Information supplied:
────────────────

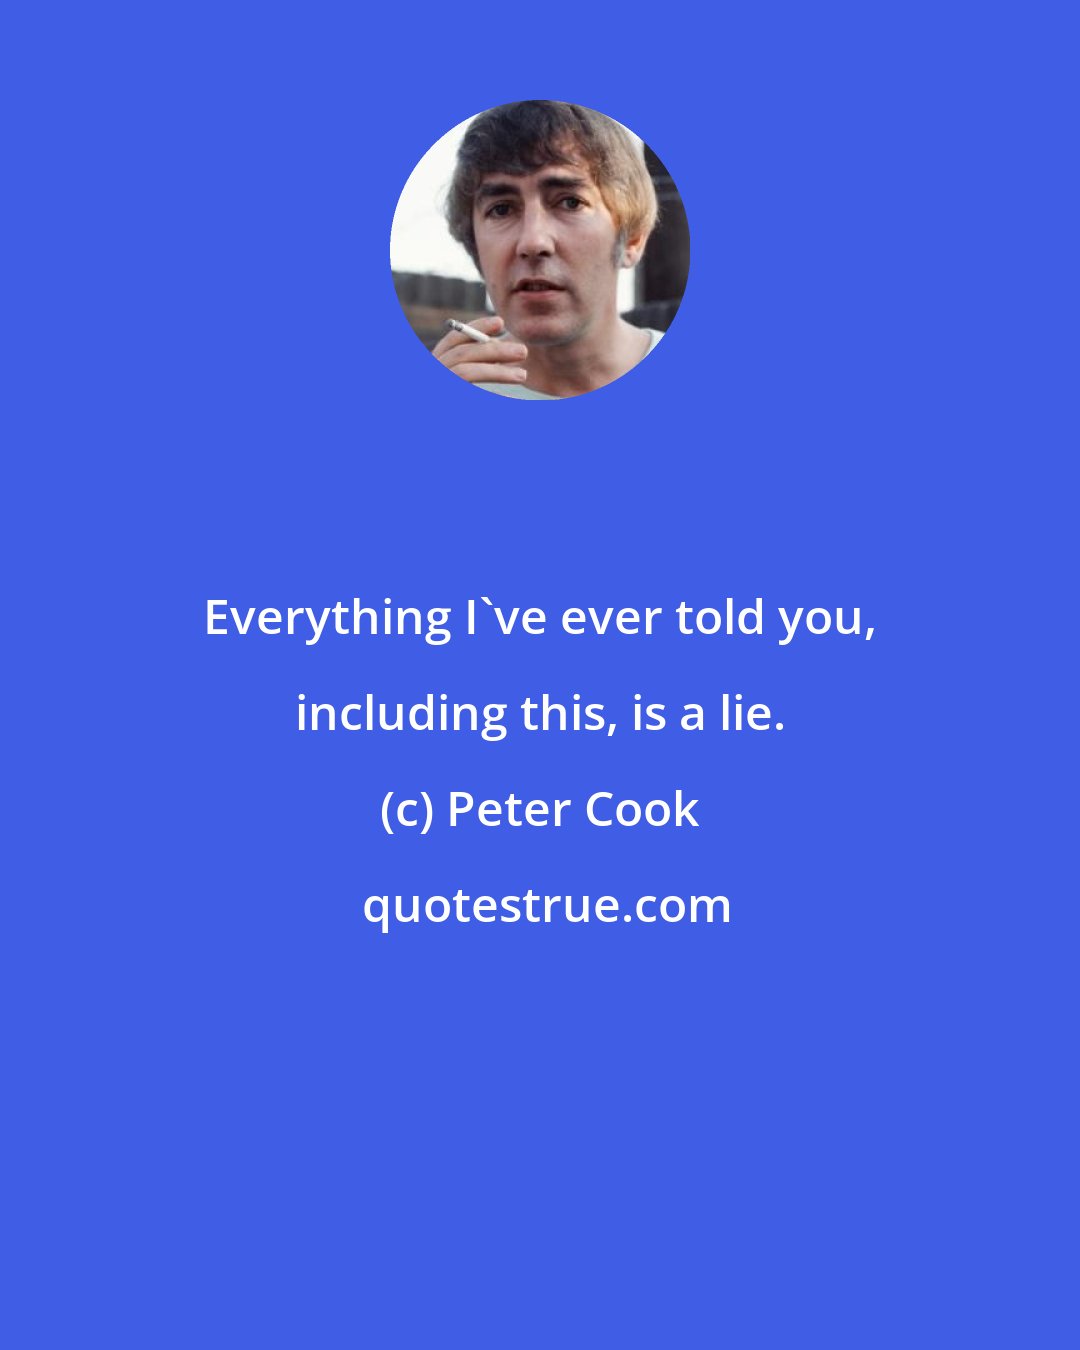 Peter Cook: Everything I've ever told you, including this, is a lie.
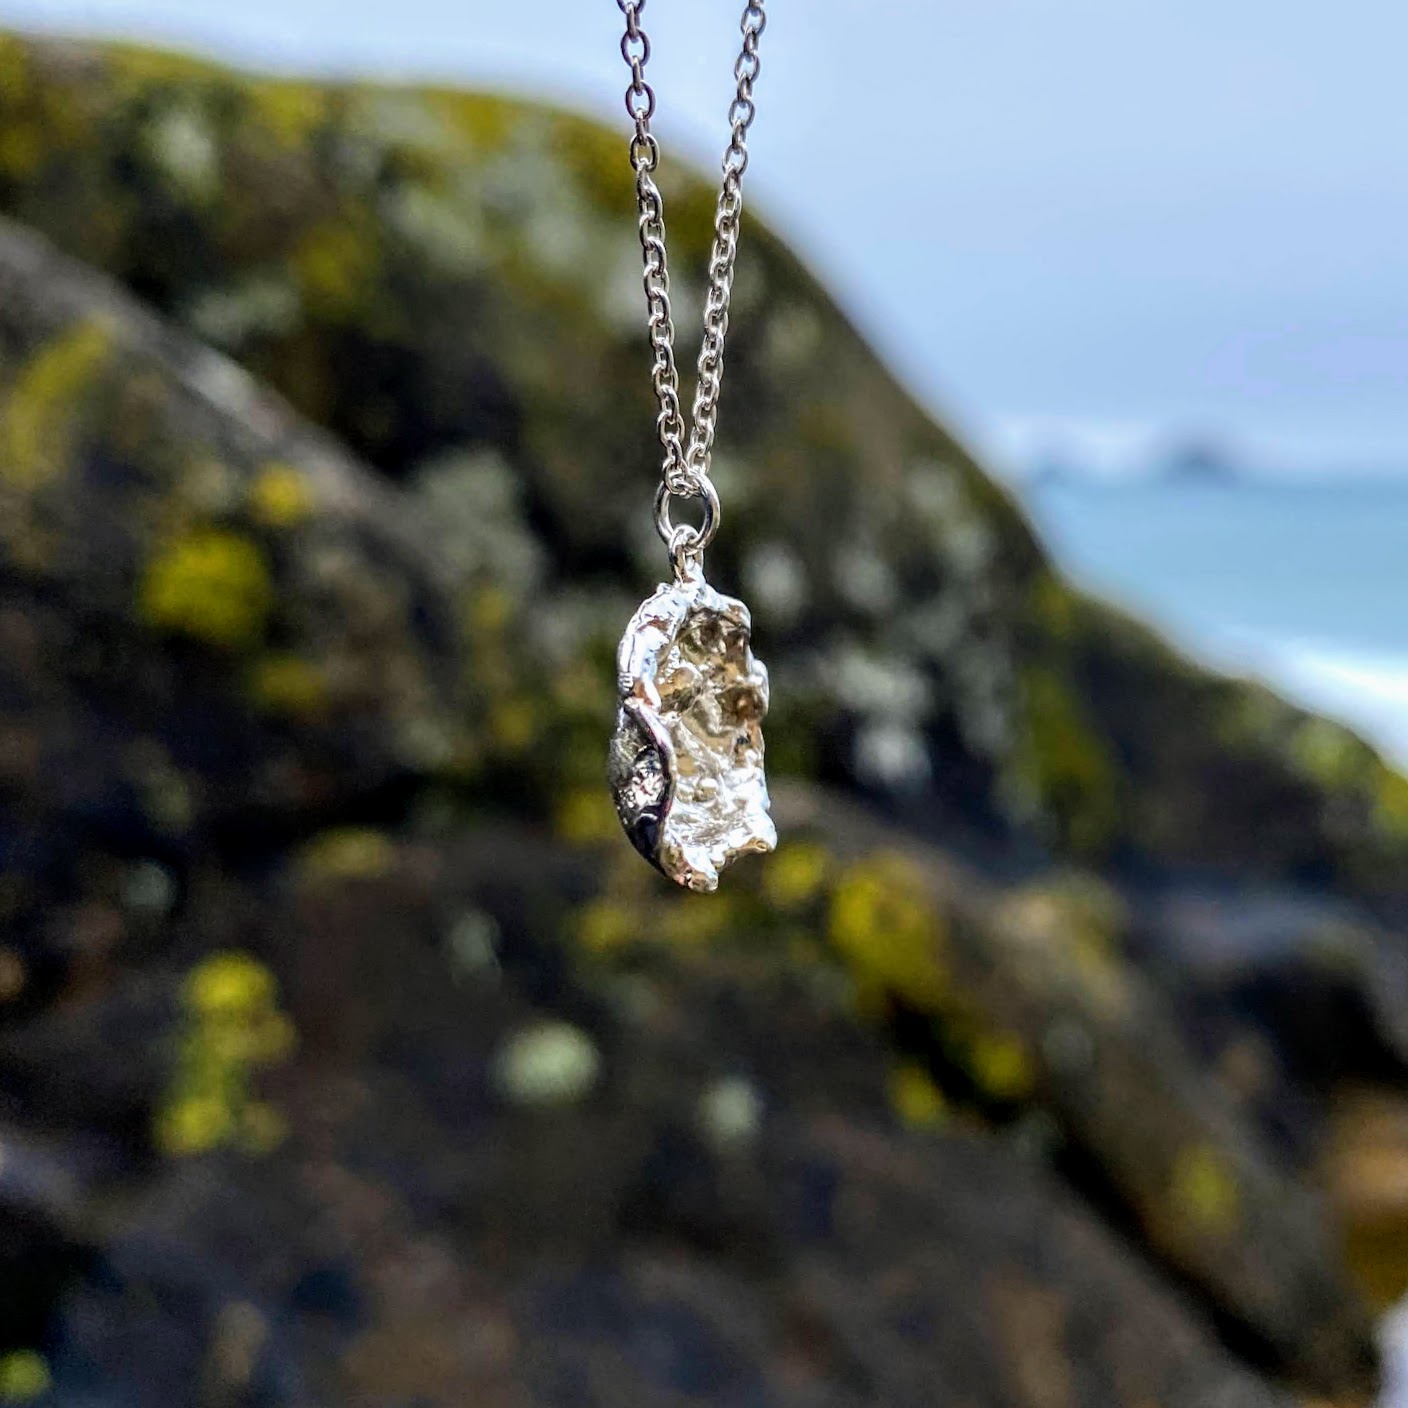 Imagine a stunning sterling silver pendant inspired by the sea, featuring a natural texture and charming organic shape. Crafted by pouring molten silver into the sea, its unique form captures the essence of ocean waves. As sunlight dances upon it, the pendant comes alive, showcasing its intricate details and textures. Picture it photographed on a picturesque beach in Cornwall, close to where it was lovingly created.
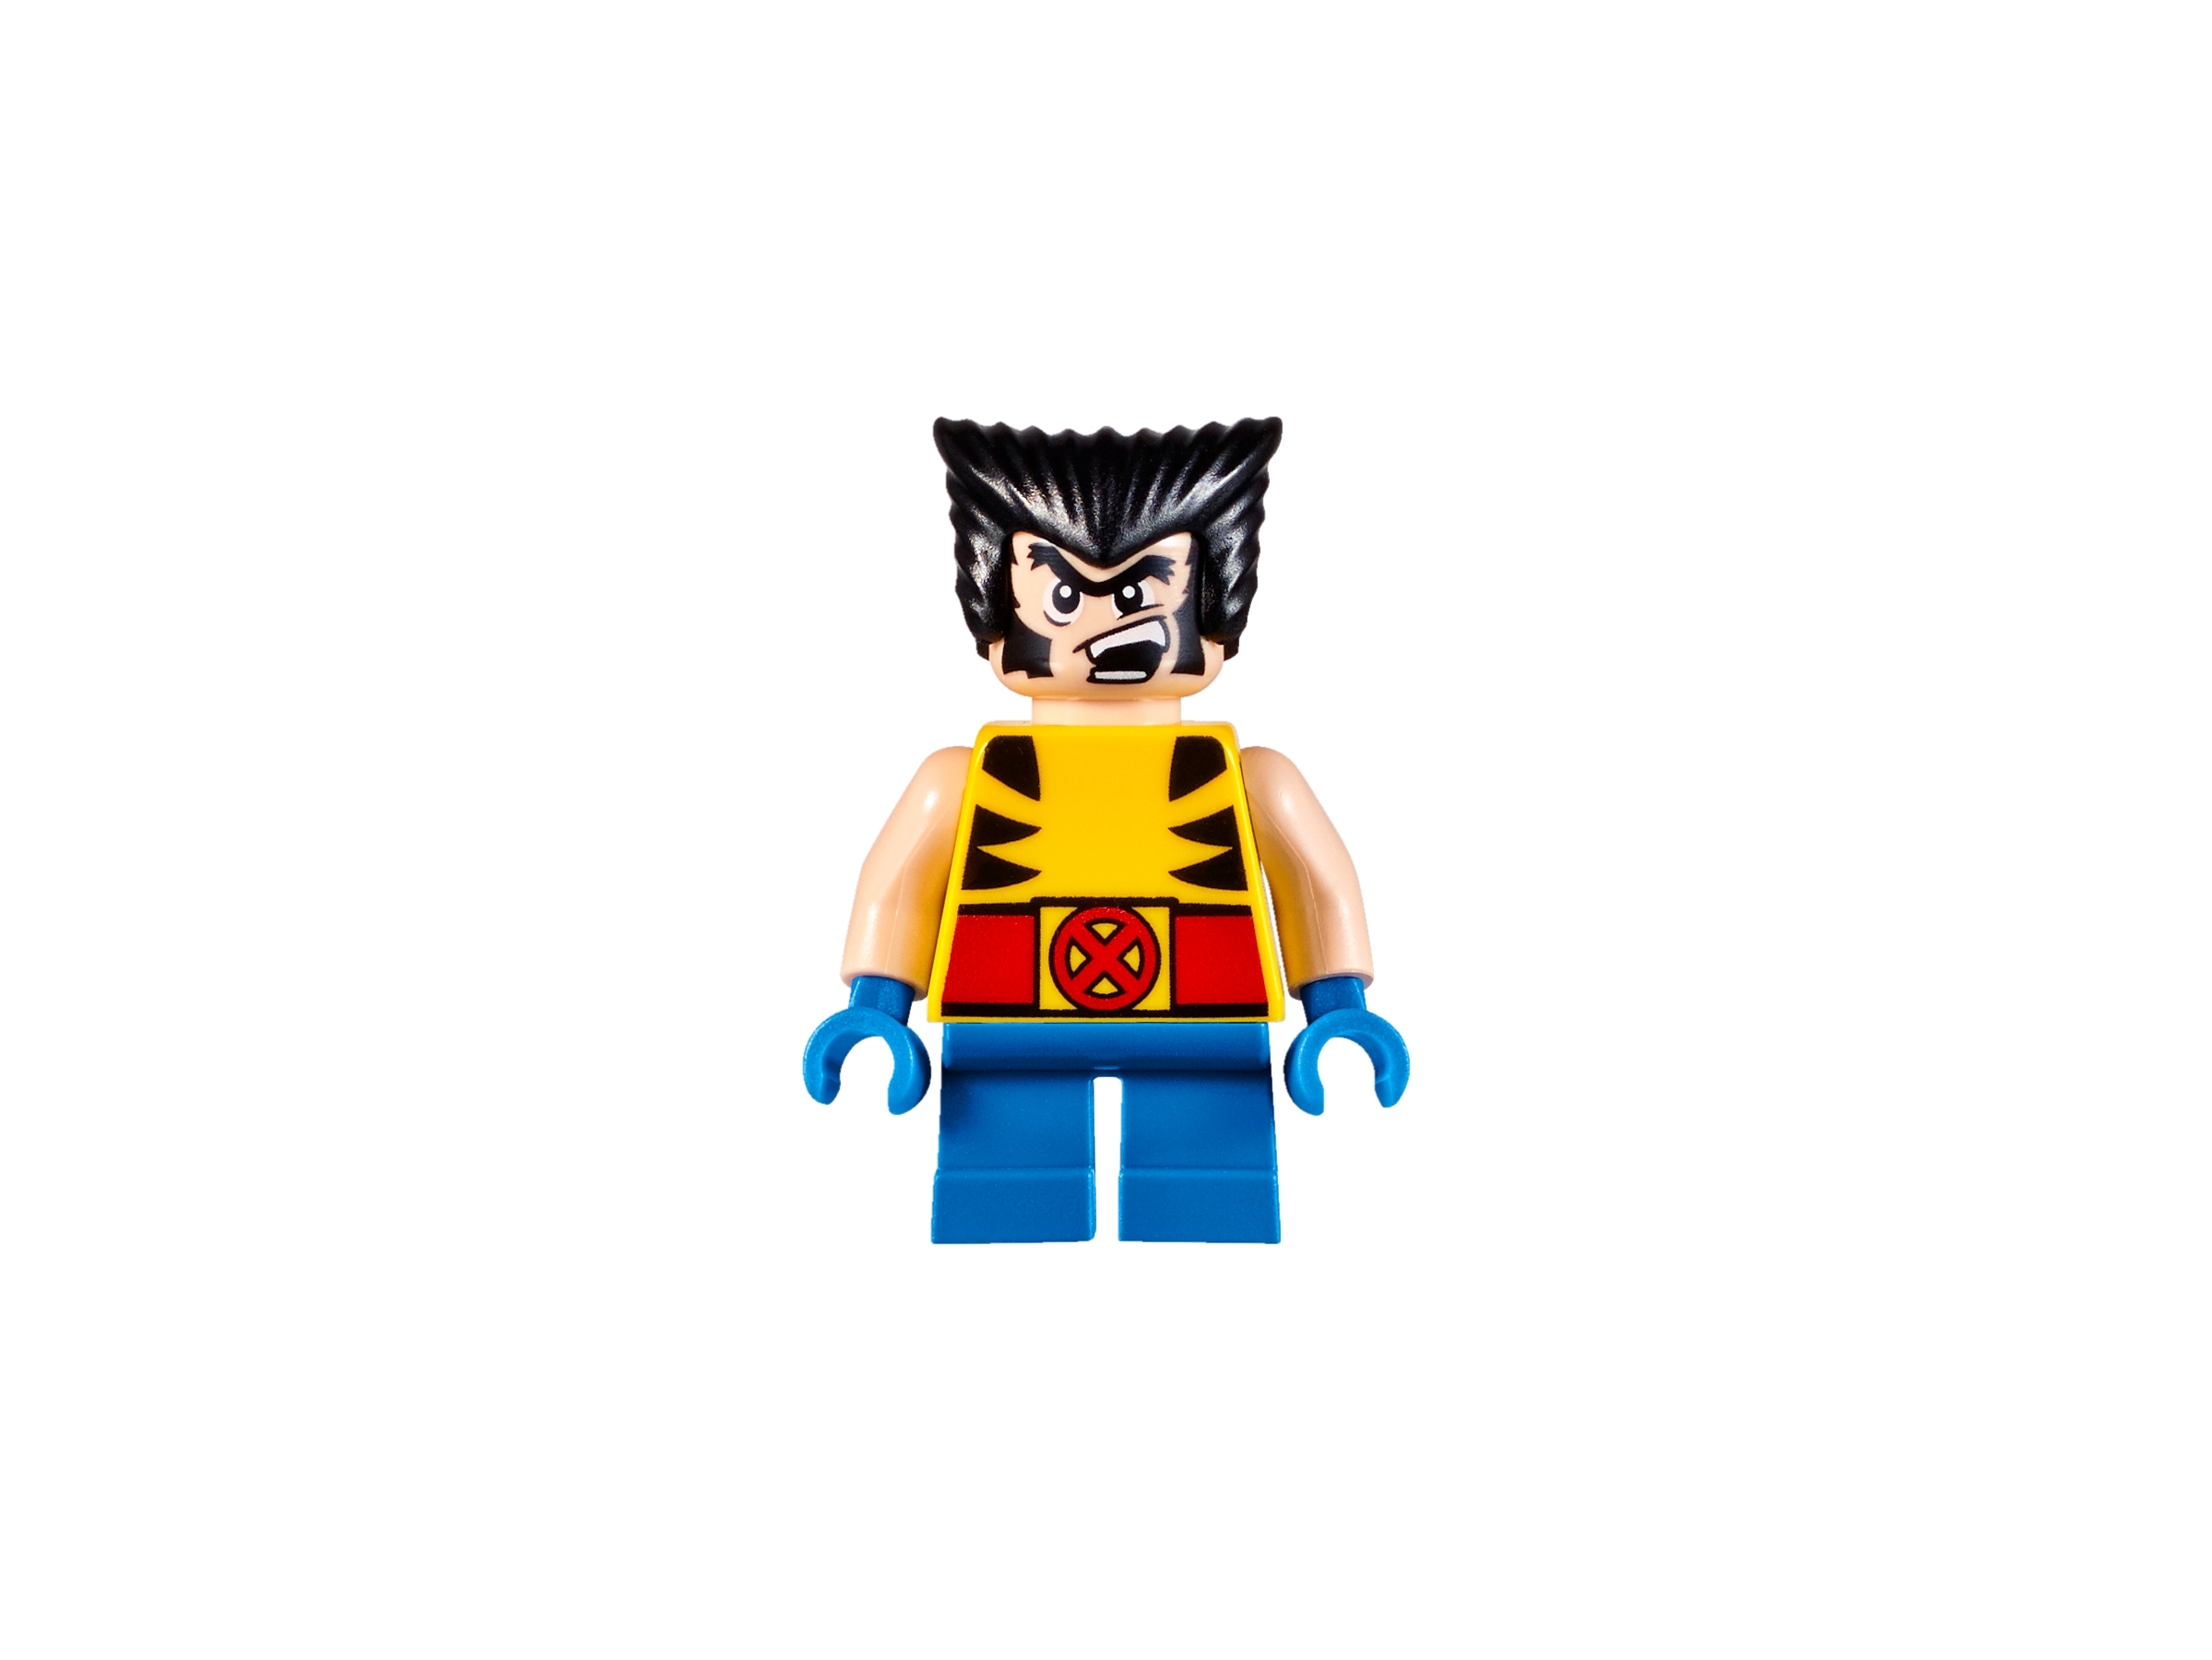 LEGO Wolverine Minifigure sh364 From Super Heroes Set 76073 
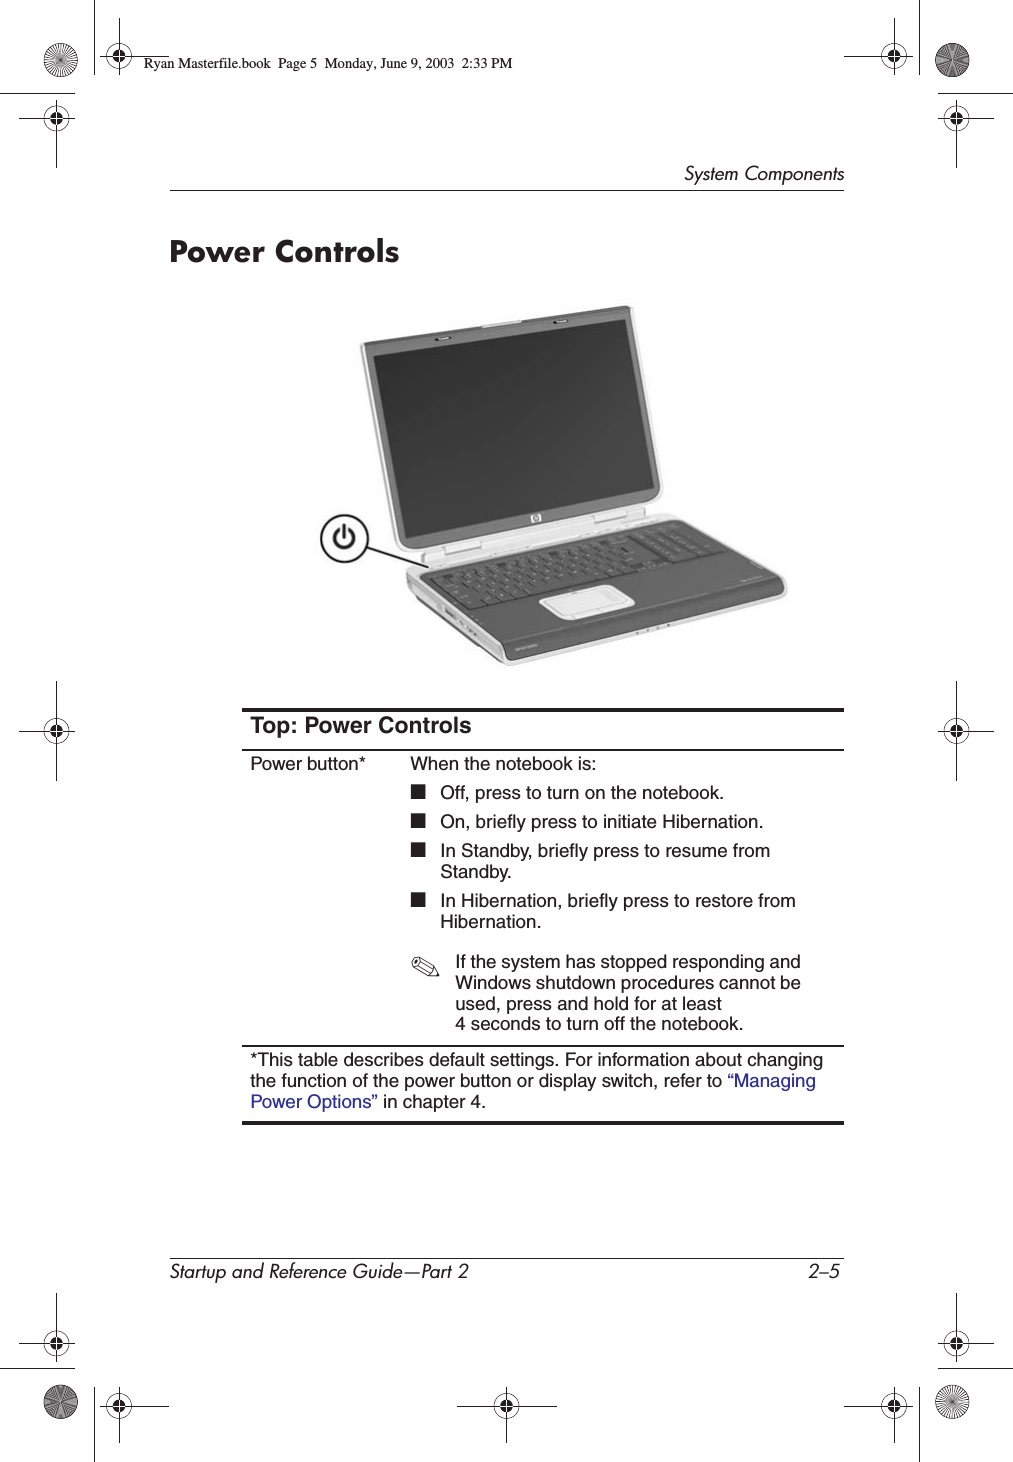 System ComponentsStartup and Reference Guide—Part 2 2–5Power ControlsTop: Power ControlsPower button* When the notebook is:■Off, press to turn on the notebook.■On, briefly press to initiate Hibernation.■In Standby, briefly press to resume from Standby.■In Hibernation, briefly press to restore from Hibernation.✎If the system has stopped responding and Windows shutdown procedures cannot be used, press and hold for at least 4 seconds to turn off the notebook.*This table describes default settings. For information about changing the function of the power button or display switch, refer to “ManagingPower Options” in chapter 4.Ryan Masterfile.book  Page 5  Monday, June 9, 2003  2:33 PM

────────────────

What this task involves:
Leave the pictures out. Output, exactly, the lines of the material above starting at the line containing "Imagine a stunning" and ending at the line containing "LEGO Wolverine Minifigure".

The completed task:
 Imagine a stunning sterling silver pendant inspired by the sea, featuring a natural texture and charming organic shape. Crafted by pouring molten silver into the sea, its unique form captures the essence of ocean waves. As sunlight dances upon it, the pendant comes alive, showcasing its intricate details and textures. Picture it photographed on a picturesque beach in Cornwall, close to where it was lovingly created.
 LEGO Wolverine Minifigure sh364 From Super Heroes Set 76073 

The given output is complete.